#### TASK REQUIREMENTS:
Below are some records; find each line that carries the word "Pink" and copy it.

#### DATA PROVIDED:
# # # # #
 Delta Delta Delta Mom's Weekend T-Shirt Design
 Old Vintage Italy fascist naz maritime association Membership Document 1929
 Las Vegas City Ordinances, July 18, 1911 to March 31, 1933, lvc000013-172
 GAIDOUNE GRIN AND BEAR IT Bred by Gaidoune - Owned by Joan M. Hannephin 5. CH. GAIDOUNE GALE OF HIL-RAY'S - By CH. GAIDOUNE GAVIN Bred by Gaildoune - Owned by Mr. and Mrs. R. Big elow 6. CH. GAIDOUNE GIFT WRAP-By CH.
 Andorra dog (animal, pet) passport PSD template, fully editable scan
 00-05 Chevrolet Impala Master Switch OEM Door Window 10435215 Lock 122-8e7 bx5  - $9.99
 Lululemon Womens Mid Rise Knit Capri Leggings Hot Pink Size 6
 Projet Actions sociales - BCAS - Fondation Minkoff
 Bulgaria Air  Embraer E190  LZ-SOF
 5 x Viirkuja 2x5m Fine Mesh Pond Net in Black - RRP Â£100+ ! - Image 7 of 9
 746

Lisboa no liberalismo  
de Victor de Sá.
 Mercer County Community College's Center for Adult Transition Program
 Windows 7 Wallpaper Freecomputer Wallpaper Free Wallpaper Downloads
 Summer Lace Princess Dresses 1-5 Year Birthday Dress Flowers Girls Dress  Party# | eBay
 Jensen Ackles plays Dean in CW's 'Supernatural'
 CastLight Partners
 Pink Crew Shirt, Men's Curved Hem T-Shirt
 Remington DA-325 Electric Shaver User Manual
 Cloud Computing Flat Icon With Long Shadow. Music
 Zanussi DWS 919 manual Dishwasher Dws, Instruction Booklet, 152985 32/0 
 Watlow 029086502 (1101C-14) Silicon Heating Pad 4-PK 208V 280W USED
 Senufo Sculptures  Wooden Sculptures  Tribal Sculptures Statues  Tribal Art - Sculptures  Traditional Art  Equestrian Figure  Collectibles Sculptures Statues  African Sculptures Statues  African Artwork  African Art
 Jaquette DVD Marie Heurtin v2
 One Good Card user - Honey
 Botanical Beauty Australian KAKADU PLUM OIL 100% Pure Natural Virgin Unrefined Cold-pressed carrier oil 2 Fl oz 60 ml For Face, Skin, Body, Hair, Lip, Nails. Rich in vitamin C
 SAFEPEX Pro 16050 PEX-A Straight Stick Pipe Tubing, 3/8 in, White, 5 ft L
# # # # #
#### TASK RESPONSE:
 Lululemon Womens Mid Rise Knit Capri Leggings Hot Pink Size 6
 Pink Crew Shirt, Men's Curved Hem T-Shirt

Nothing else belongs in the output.